== Work to complete ==
Take the line with "レゴ(R)アイデアで『レゴ(R)宇宙飛行" and the rest of the lines after it, to the end of the entries, and restate them exactly.

--------------------------------------------------

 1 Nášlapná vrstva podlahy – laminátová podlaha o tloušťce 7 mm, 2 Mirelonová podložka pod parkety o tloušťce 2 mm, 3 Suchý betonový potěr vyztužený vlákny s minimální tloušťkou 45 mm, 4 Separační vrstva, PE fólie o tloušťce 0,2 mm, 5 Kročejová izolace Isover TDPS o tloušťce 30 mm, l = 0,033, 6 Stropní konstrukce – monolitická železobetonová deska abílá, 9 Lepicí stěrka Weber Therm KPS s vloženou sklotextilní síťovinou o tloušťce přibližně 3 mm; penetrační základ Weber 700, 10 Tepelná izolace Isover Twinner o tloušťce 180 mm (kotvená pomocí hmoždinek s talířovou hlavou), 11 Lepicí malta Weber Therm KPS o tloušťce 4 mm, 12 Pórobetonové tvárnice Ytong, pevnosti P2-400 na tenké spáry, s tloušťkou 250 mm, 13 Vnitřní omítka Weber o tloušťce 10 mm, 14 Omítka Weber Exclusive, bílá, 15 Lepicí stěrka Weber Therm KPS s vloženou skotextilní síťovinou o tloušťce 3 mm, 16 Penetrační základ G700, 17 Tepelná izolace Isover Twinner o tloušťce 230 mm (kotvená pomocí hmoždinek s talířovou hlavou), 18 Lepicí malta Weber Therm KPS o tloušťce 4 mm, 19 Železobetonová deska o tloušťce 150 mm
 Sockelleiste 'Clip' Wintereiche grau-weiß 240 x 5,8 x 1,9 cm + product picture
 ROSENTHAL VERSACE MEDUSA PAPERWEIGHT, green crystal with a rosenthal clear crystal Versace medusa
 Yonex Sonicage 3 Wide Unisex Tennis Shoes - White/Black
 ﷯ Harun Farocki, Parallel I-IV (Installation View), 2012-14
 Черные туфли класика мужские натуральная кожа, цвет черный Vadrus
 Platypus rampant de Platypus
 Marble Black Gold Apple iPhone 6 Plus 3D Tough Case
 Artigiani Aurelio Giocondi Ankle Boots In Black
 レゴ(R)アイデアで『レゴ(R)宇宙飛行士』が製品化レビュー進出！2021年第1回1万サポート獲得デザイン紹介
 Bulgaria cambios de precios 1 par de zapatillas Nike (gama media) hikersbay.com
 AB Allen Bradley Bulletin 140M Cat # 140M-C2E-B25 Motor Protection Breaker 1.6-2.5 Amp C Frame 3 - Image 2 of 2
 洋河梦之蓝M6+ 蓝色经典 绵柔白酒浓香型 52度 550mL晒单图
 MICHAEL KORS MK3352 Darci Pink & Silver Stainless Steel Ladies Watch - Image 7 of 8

--------------------------------------------------

== Task result ==
 レゴ(R)アイデアで『レゴ(R)宇宙飛行士』が製品化レビュー進出！2021年第1回1万サポート獲得デザイン紹介
 Bulgaria cambios de precios 1 par de zapatillas Nike (gama media) hikersbay.com
 AB Allen Bradley Bulletin 140M Cat # 140M-C2E-B25 Motor Protection Breaker 1.6-2.5 Amp C Frame 3 - Image 2 of 2
 洋河梦之蓝M6+ 蓝色经典 绵柔白酒浓香型 52度 550mL晒单图
 MICHAEL KORS MK3352 Darci Pink & Silver Stainless Steel Ladies Watch - Image 7 of 8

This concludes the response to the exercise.